TSI | Rejeitado acesso a videovigilância para ver resultado de jogo

[dropcap]O[/dropcap] Tribunal de Segunda Instância (TSI) rejeitou o recurso de um jogador que pretendia aceder a imagens gravadas pelo sistema de videovigilância de um casino. O requerente apresentou queixas à Direcção de Inspecção e Coordenação de Jogos por entender que o resultado de um jogo numa mesa de baccarat tinha sido diferente do previsto no próximo jogo de “derived roads”, mostrado no ecrã.

No entanto, o gabinete do presidente do Tribunal de Última Instância comunicou que o jogador não apresentou provas para confirmar que apostou no jogo segundo informações mostradas no ecrã, ou de forma as informações erradas aí exibidas lhe causaram danos. Algo necessário para estabelecer a legitimidade do seu interesse.

“Ademais, o jogo, envolvido nesta causa, é baccarat. Esta forma de jogo, tal como os demais jogos proporcionados nos casinos aprovados pelo Governo da RAEM, é jogo de fortuna ou azar, em que a esperança de ganho reside somente na sorte do jogador e não no cálculo, com base no resultado do jogo anterior que é sustentado pela teoria científica”, diz a nota.

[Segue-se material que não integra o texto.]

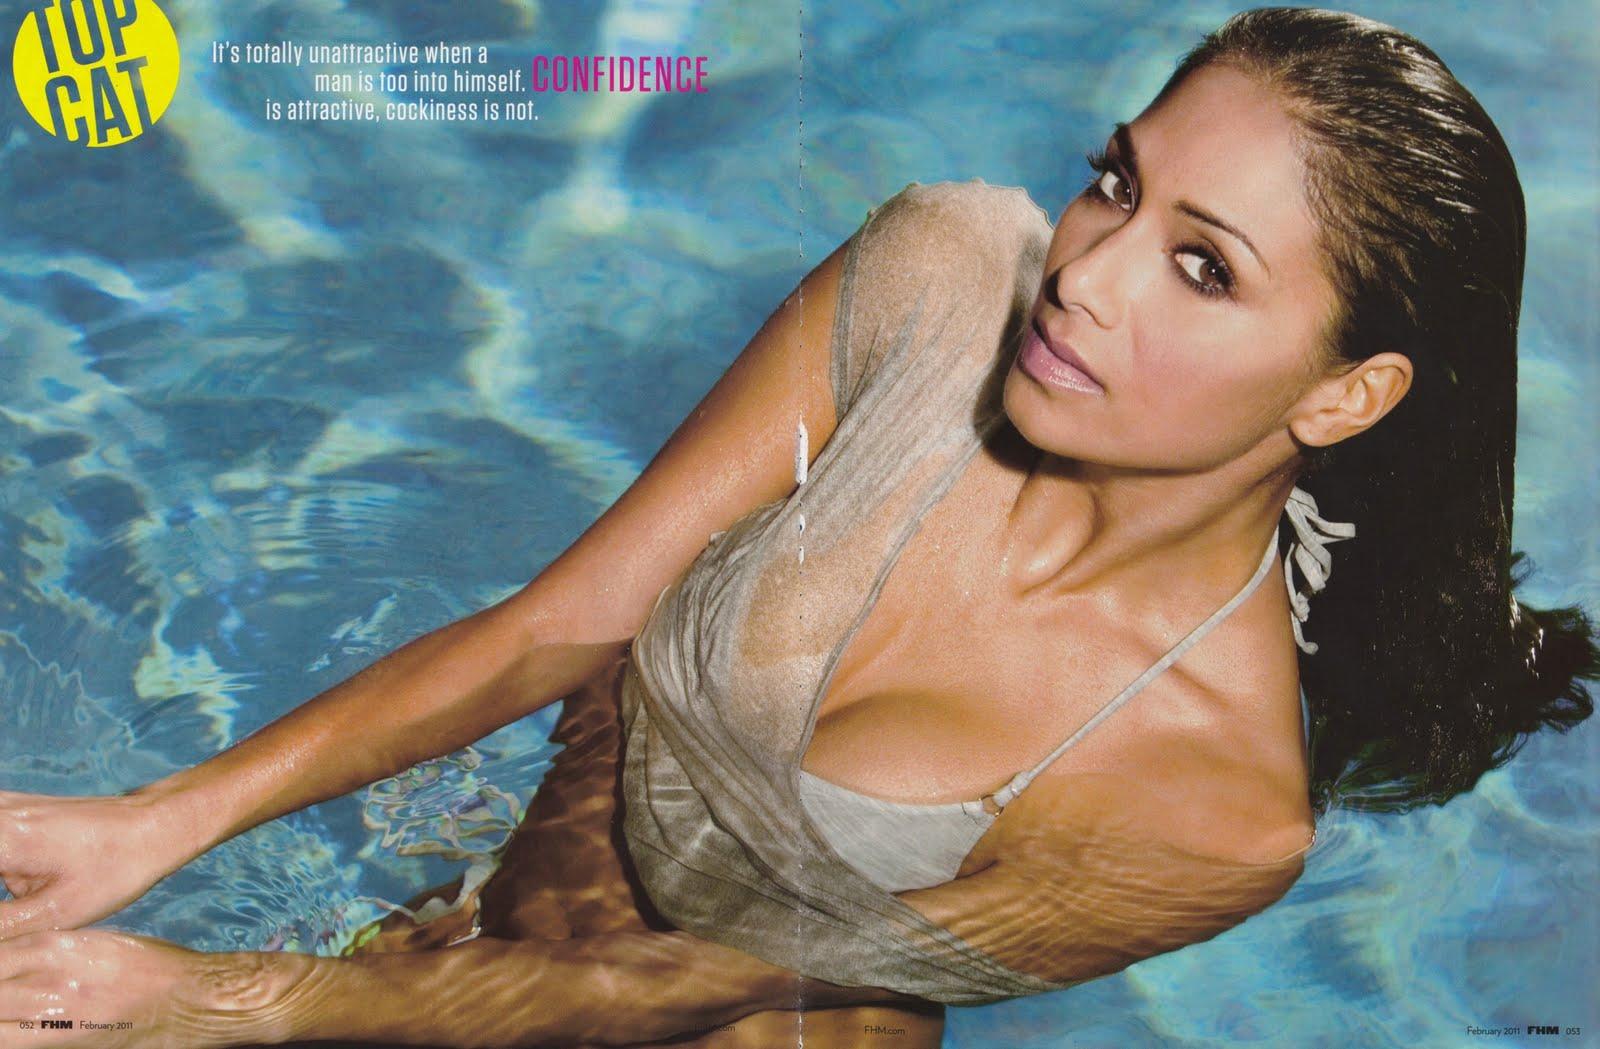 http://3.bp.blogspot.com/-OJWz592hF2M/Trjyt4hZgSI/AAAAAAAAR4U/xh4T04h2xLQ/s1600/Nicole-Scherzinger-FHM-photoshoot.jpg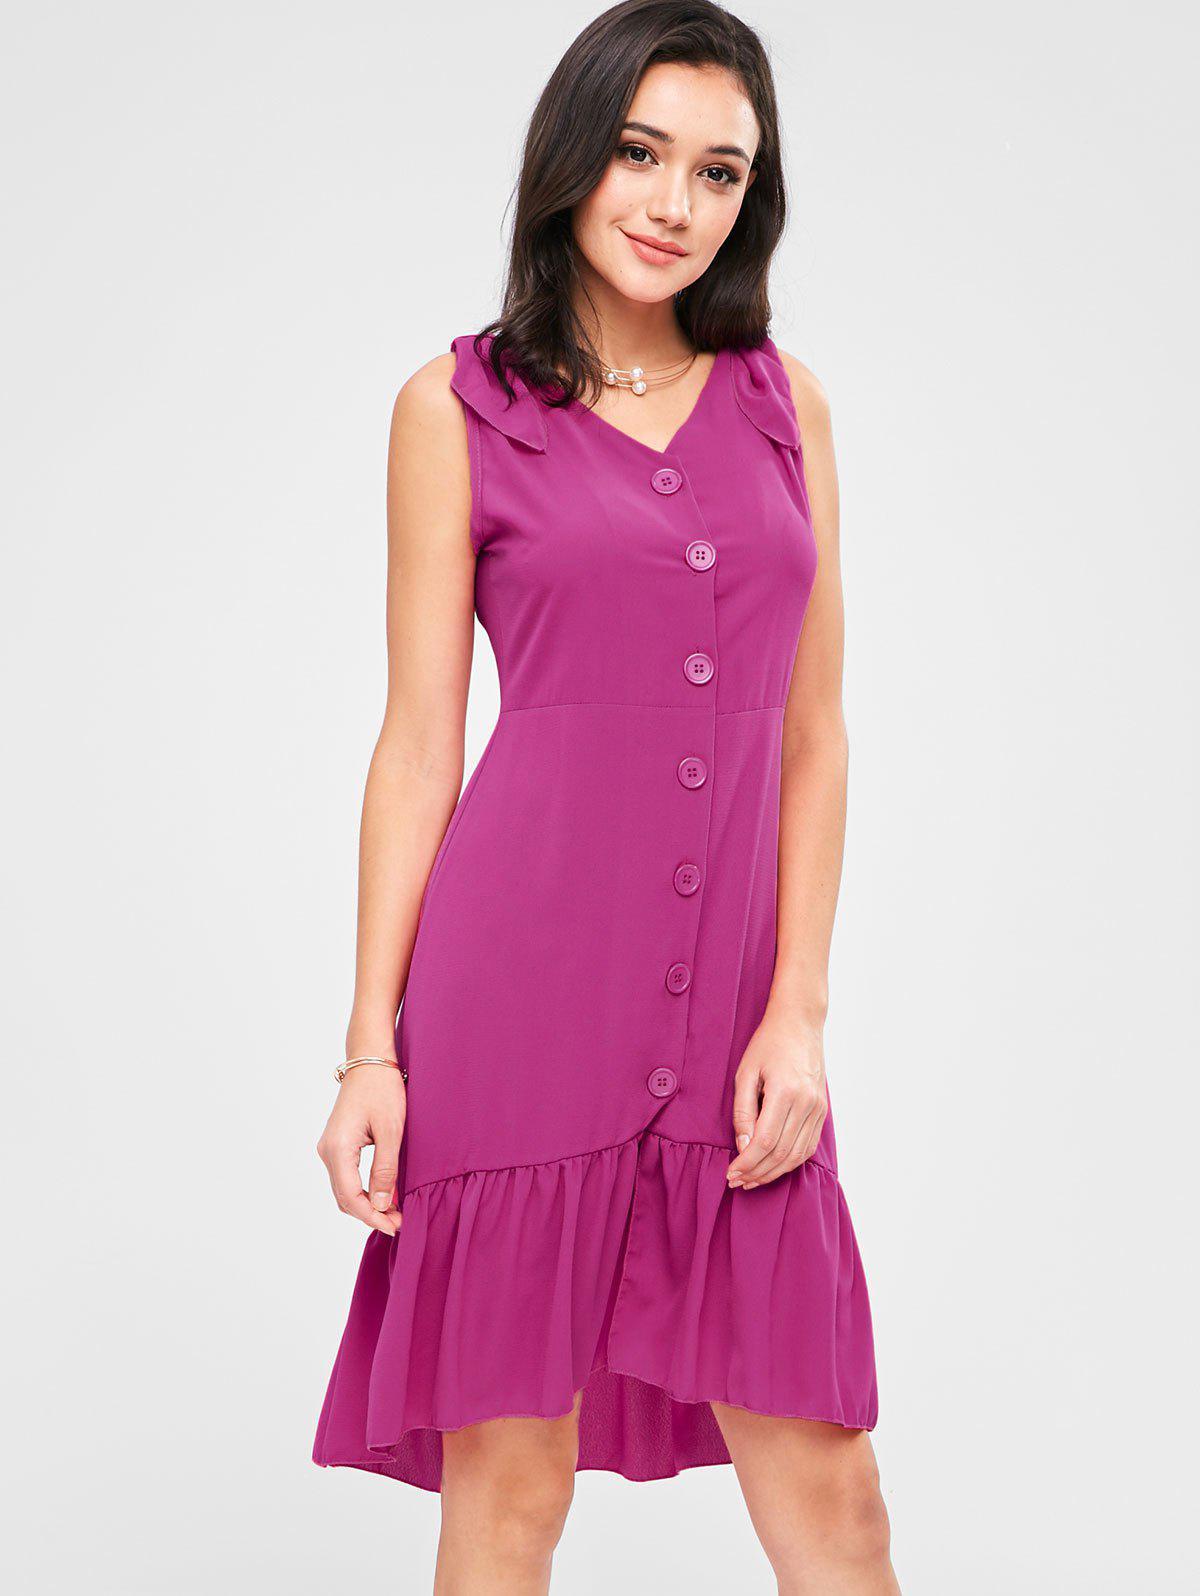 Ruffle Hemline Button Up Mini Dress

Assim, a justiça refere que tomar como referência o resultado de outros jogos para fazer uma aposta é apenas um hábito de alguns jogadores. E deixa uma mensagem: “se não há lei que preveja a publicação do resultado do jogo anterior, o hábito ou a mania de alguns jogadores não é considerado como um bem jurídico protegido por lei”.